Gejala gaya hidup global tersebut mulai tampak saat masuknya produk-produk instan, seperti: coca cola, Mc Donald, Kentucky, sistem administrasi instan, sistem pendidikan yang instan, gaya hidup egaliter, gaya hidup hedonisme (memuja kesenangan, bersenang-senang). Gejala gaya hidup hedonisme yang negatif juga banyak dijumpai dimasyarakat, misalnya: memuja materi, orang enggan bekerja keras, inginnya kerja sebentar tetapi penghasilan tinggi, gejala korupsi yang terbuka, munculnya perilaku free sex, klub malam bersama narkobanya, perilaku individualistik, antisosial, kapitalistik (Hariyono, 2009:77) Perubahan sosial terjadi dewasa ini banyak dipengaruhi oleh perdaban manusia yang didasarkan pada indikator zaman sebagai berikut: 1. Perkenbangan IPTEK yang semakin canggih; 2. Perkembangan informasi dan komunikasi yang semakin canggih; 3. Isu politik ekonomi pasar bebas yang cenderung kapitalistik; 4. Isu globalisasi dan pengaruhnya terhadap gaya hidup; 5. Pertambahan penduduk yang belum terkendali.
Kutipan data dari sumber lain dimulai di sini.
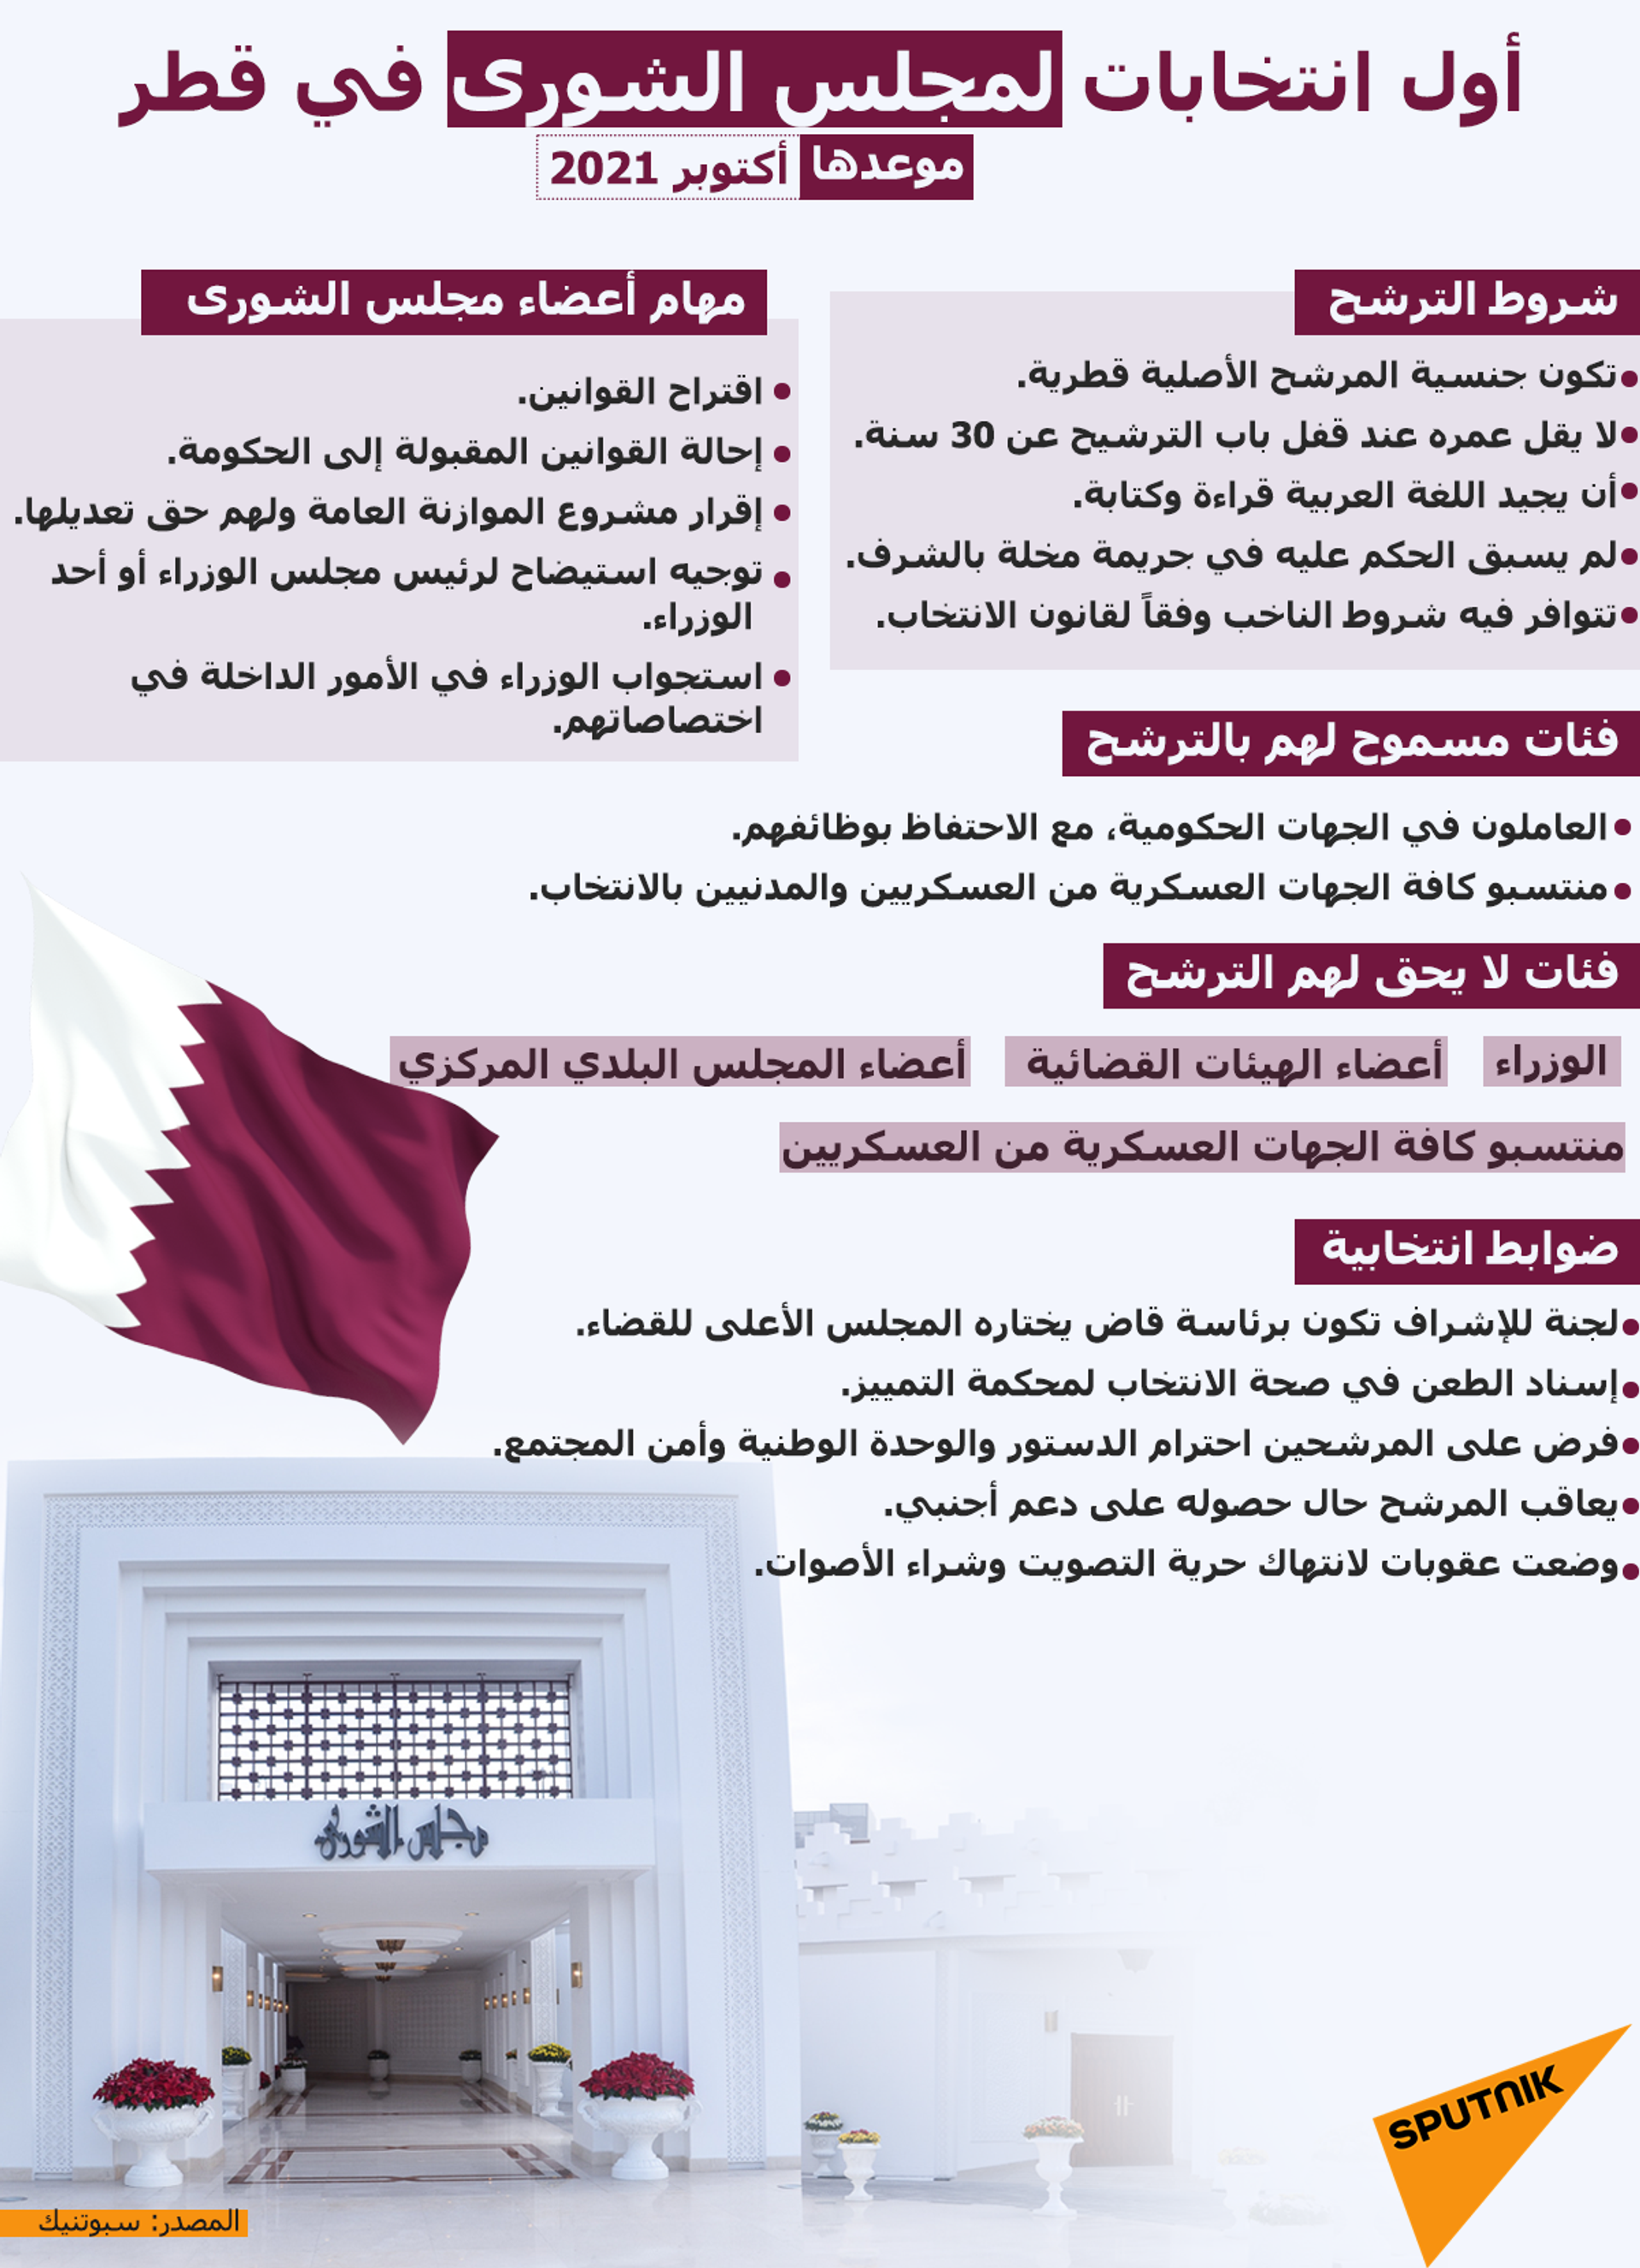 قطر توافق على زيادة نسبة تملّك غير القطريين في رأس مال عدد من البنوك - سبوتنيك عربي, 1920, 18.08.2021

Awal abad ke-21 juga ditandai dengan isu globalisasi, yang menandakan peradaban manusia dimuka bumi sudah tidak ada jarak lagi. Dunia sudah tampak semakin mengecil, komunikasi dan informasi jarak jauh dapat diakses dengan mudah, sarana transportasi jarak jauhpun semakin canggih, hanya dalam waktu sekejap manusia dapat berpindah tempat dari negara yang satu ke negara yang lain. Persinggungan dan saling pengaruh antar budaya antar bangsapun tidak dapat terelakkan lagi. Norma-norma dan nilai-nilai antarbudaya dan bangsa saling berbenturan dan mempeerlihatkan dominasi kekuatan pengaruhnya bagi peradaban manusia dimuka bumi. Dominasi kekuatan tersebut sangat terasa pada level gaya hidup, yang di Indonesia lebih menonjol pada gaya hidup pragmatisme dan hedonisme. Gaya hidup pragmatisme cenderung memberi warna pola hidup yang konsumtif dan budaya instan, sehingga mudah meruntuhkan nilai-nilai moral manusia. Budaya tersebut cenderung memperlemah upaya kerja keras manusia. Sementara itu, gaya hidup hedonisme yang banyak memuja kesenangan-kesenangan sesaat dan bersifat sementara (kesenangan-kesenangan duniawi) menjadi gejala umum, sehinggan memunculkan pola perilaku yang korup, loba, kufur, bangga menikmati kemewahan, dan cenderung menyimpang dari landasan moral maupun nilai-nilai keimanan.